Please print every line from the one containing "sony-logo-png-transparent.png" through the last line of the records below, exactly as written and nothing more.

(Records from a collection)
-*-*-

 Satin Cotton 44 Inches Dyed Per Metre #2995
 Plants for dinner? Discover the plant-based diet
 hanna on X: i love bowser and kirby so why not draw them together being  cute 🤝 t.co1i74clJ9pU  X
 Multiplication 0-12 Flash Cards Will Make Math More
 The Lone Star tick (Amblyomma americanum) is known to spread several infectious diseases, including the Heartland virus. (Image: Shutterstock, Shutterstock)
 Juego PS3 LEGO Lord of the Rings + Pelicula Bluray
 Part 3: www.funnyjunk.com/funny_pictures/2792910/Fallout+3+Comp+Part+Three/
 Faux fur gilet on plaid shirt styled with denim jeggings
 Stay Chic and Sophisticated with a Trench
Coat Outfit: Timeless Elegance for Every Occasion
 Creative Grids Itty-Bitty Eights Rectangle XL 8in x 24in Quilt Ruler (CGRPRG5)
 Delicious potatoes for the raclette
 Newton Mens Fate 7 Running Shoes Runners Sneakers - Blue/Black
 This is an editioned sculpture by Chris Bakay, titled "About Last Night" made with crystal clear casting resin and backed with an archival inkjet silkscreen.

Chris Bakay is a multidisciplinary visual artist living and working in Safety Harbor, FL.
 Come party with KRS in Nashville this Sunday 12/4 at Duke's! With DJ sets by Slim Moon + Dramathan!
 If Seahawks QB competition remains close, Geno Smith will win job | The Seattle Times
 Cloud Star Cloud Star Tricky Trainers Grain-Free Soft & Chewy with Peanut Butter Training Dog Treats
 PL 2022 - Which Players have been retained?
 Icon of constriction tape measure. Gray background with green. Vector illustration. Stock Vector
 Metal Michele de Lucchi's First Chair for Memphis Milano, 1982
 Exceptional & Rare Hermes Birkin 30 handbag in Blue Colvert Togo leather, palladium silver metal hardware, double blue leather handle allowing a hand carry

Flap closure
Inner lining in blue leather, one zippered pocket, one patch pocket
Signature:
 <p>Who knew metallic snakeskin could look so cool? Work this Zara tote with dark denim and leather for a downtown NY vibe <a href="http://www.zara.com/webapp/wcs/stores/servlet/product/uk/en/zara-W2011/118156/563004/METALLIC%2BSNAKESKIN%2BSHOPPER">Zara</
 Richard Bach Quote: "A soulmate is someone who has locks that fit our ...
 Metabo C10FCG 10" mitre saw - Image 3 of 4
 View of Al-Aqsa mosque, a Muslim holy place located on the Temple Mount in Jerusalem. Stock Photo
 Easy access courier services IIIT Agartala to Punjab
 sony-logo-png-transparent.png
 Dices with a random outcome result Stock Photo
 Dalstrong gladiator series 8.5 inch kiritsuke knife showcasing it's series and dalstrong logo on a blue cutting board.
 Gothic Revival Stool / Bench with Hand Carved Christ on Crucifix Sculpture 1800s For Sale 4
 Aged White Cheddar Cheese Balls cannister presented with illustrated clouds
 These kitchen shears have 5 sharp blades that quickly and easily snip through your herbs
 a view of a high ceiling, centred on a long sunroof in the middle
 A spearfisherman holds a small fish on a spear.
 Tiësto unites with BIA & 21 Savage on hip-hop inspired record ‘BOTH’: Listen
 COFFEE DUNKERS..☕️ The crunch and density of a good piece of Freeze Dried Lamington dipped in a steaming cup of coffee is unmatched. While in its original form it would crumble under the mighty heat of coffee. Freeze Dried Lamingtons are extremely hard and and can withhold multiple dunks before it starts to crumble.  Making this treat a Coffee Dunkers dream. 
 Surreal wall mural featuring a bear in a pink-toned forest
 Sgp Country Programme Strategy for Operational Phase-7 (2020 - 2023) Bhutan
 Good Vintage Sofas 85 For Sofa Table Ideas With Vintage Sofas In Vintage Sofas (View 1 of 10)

-*-*-

### Written response:
 sony-logo-png-transparent.png
 Dices with a random outcome result Stock Photo
 Dalstrong gladiator series 8.5 inch kiritsuke knife showcasing it's series and dalstrong logo on a blue cutting board.
 Gothic Revival Stool / Bench with Hand Carved Christ on Crucifix Sculpture 1800s For Sale 4
 Aged White Cheddar Cheese Balls cannister presented with illustrated clouds
 These kitchen shears have 5 sharp blades that quickly and easily snip through your herbs
 a view of a high ceiling, centred on a long sunroof in the middle
 A spearfisherman holds a small fish on a spear.
 Tiësto unites with BIA & 21 Savage on hip-hop inspired record ‘BOTH’: Listen
 COFFEE DUNKERS..☕️ The crunch and density of a good piece of Freeze Dried Lamington dipped in a steaming cup of coffee is unmatched. While in its original form it would crumble under the mighty heat of coffee. Freeze Dried Lamingtons are extremely hard and and can withhold multiple dunks before it starts to crumble.  Making this treat a Coffee Dunkers dream. 
 Surreal wall mural featuring a bear in a pink-toned forest
 Sgp Country Programme Strategy for Operational Phase-7 (2020 - 2023) Bhutan
 Good Vintage Sofas 85 For Sofa Table Ideas With Vintage Sofas In Vintage Sofas (View 1 of 10)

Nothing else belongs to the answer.